Публика способна перевоплощаться и менять свои вкусы в зависимости от театра, в который идет. Идет в Большой театр — одни ожидания, требования, один характер снисхождения. Идет в Камерный музыкальный — другие. Что простят Большому театру, не простят Камерному и наоборот. Идет публика в МХАТ — один «настрой», на «Айс-ревю» — другой.
Когда же публика приходит на «неизвестное», то ей надо несколько минут, чтобы настроиться на предложенные театром «условия игры» и решить, как относиться «ко всему этому». Первые минуты — настороженность, готовность полюбить, признать, поддержать, а далее — участие в спектакле, принятие его или разочарование в нем. Именно в эти мгновения решается судьба спектакля, а то и всего театра.

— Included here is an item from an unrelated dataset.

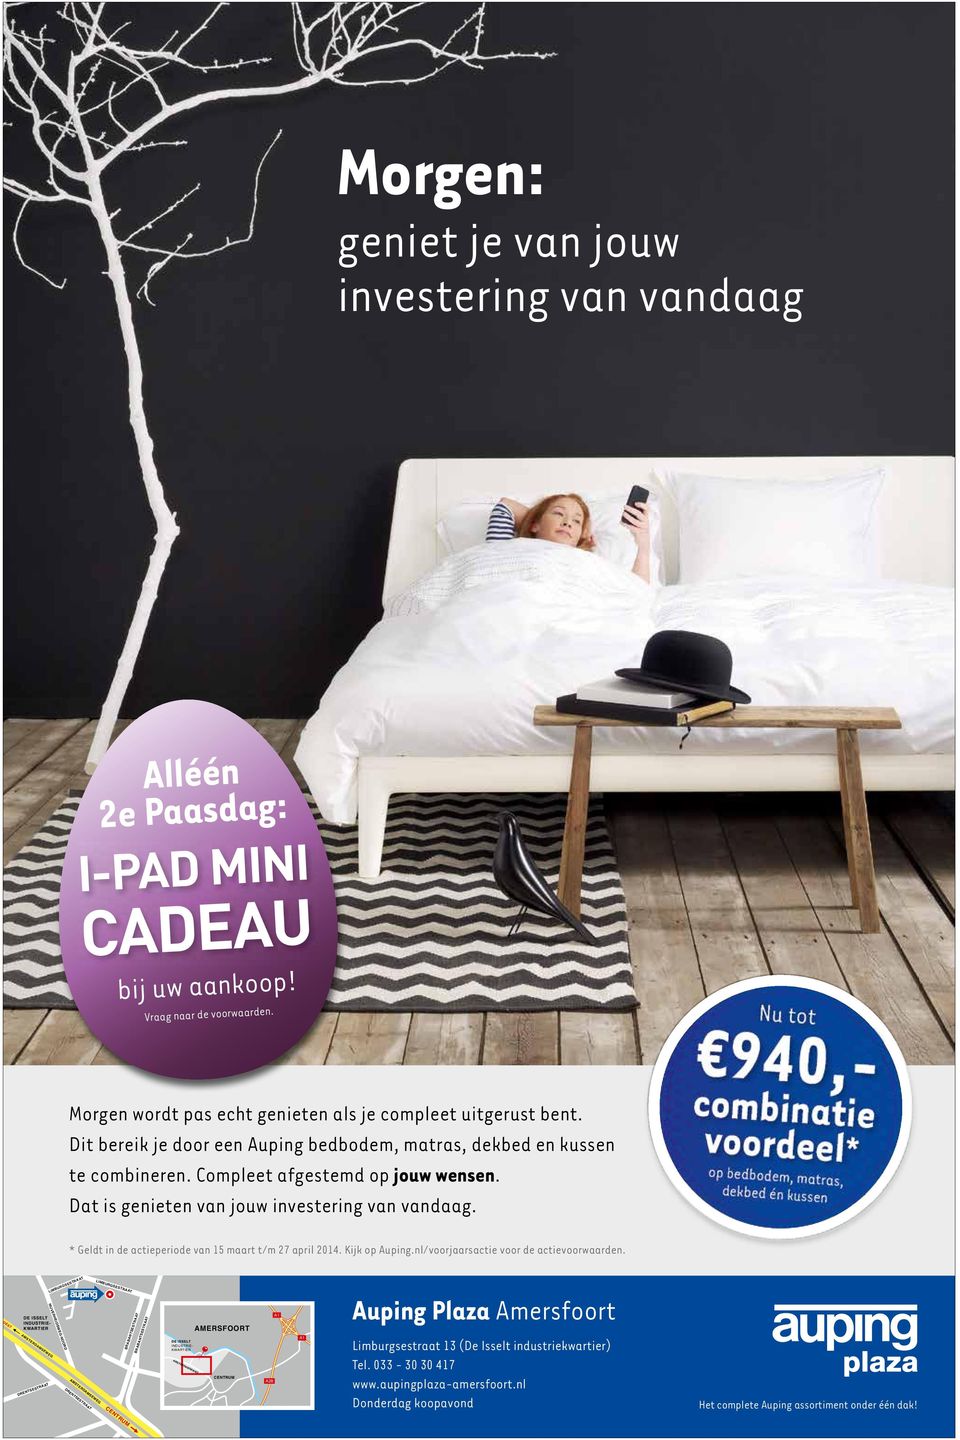 combinatie voordeel* op bedbodem, matras, dekbed én kussen * Geldt in de actieperiode van 15 maart t/m 27 april 2014. Kijk op Auping.nl/voorjaarsactie voor de actievoorwaarden.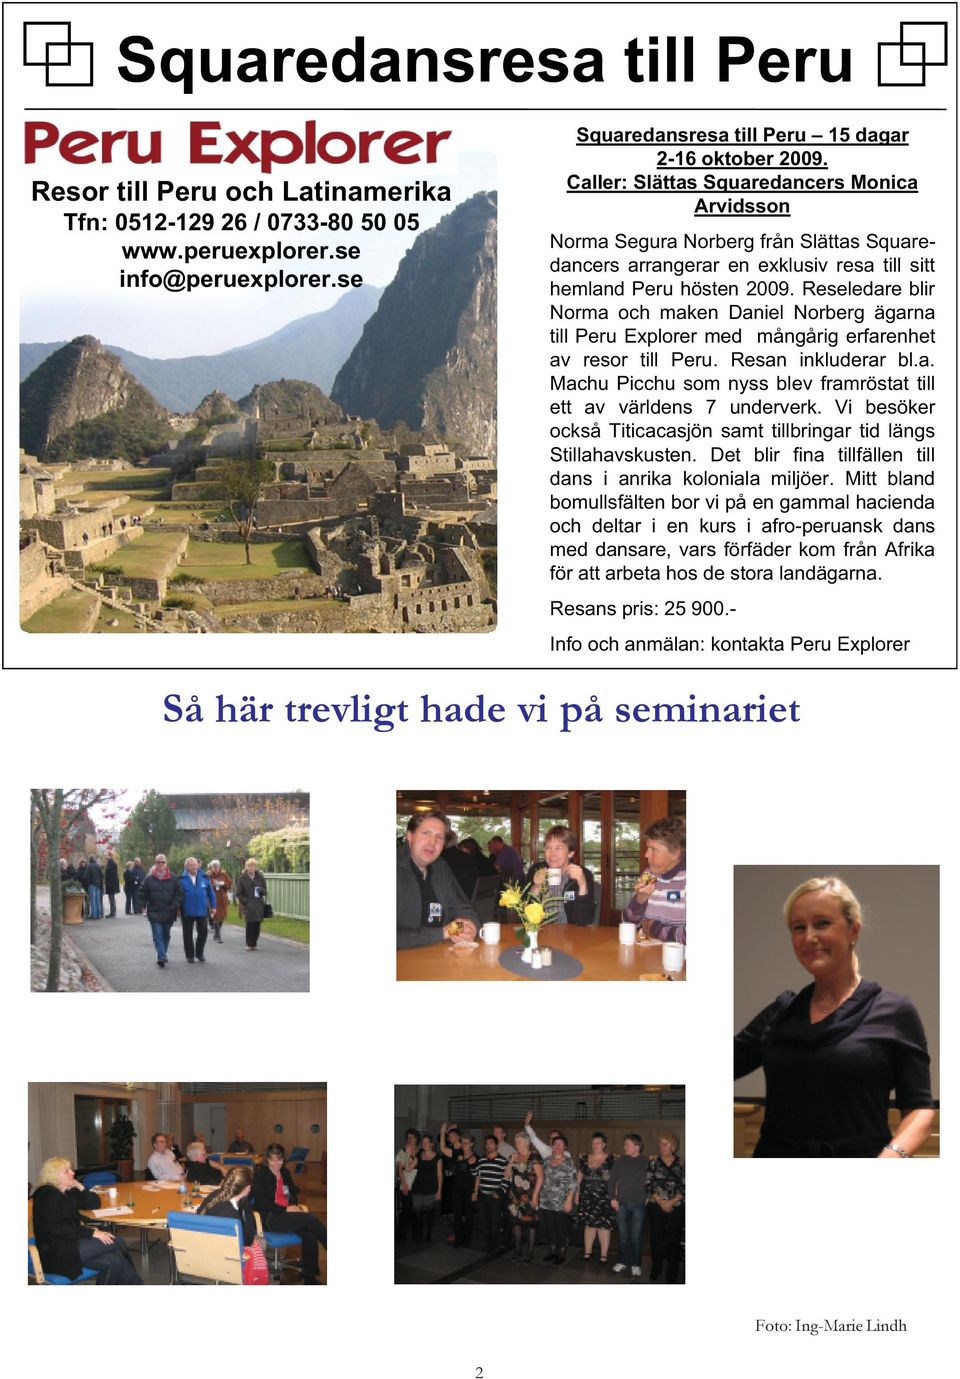 Reseledare blir Norma och maken Daniel Norberg ägarna till Peru Explorer med mångårig erfarenhet av resor till Peru. Resan inkluderar bl.a. Machu Picchu som nyss blev framröstat till ett av världens 7 underverk.

Публика готова в одну секунду сменить предубеждения на симпатии, она очень быстро и точно «пристраивается» к любой предложенной театром стилистике, требуя только художественной правдивости, единства логики и соблюдения принятых условий в развитии спектакля.
Искусство театра тесно и органично связано с помещением, в котором он играет свои спектакли. Гастроли коллектива на другой, незнакомой для него площадке — всегда больший или меньший компромисс. Публика чутко оценивает органичность связи искусства театра со зрительным залом, в особенности если дело идет о самобытном, оригинальном творческом коллективе. Здесь бывают и трагические случаи, и, как бы они ни были «таинственны», их надо всегда иметь в виду.

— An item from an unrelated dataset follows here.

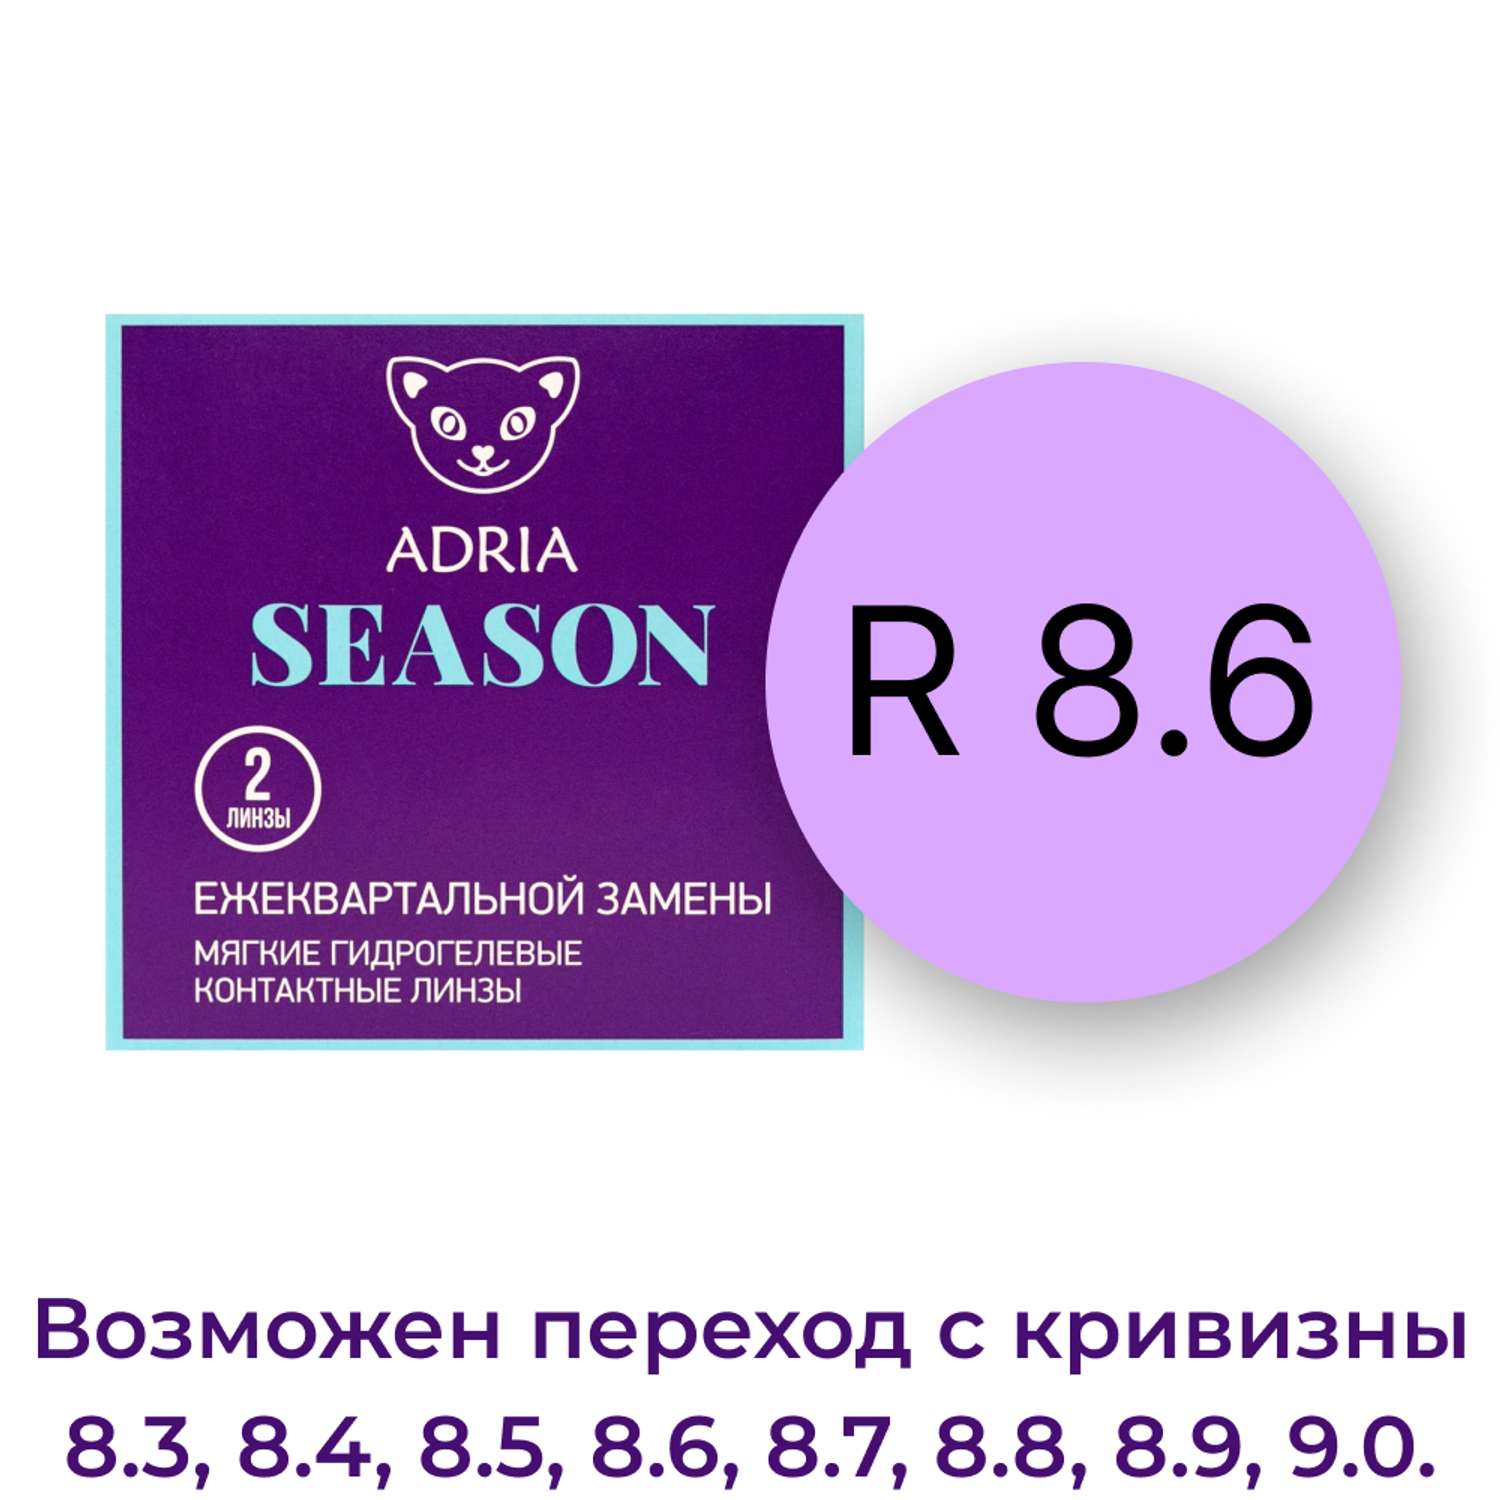 Контактные линзы ADRIA Season 2 линзы R 8.6 -4.25 - фото 3

В свое время в Москве работал маленький театр под вывеской «Студия Малого театра». Им руководил Федор Николаевич Каверин — режиссер неистощимой выдумки, прекрасного вкуса, определенных и самобытных театральных принципов. Актеров в этом театре было немного, но все превосходные. Успех у театра был огромный, несмотря на то, что играл он в неудобных маленьких помещениях. Успех и привел к тому, что коллективу предоставили вновь построенное театральное здание на Берсеневской набережной (где теперь находится Театр эстрады).
Первый же спектакль, сыгранный в новом помещении, успеха не имел, возобновленные старые спектакли, ранее любимые москвичами, вниманием не пользовались. Публика отвернулась от театра, забыла его, как будто он и не существовал вовсе. Театр погиб буквально за один сезон. Почему? Коллектив остался прежним, спектакли игрались прежние, но публика не приняла его искусства в новых, неподходящих для него, «комфортабельных» условиях.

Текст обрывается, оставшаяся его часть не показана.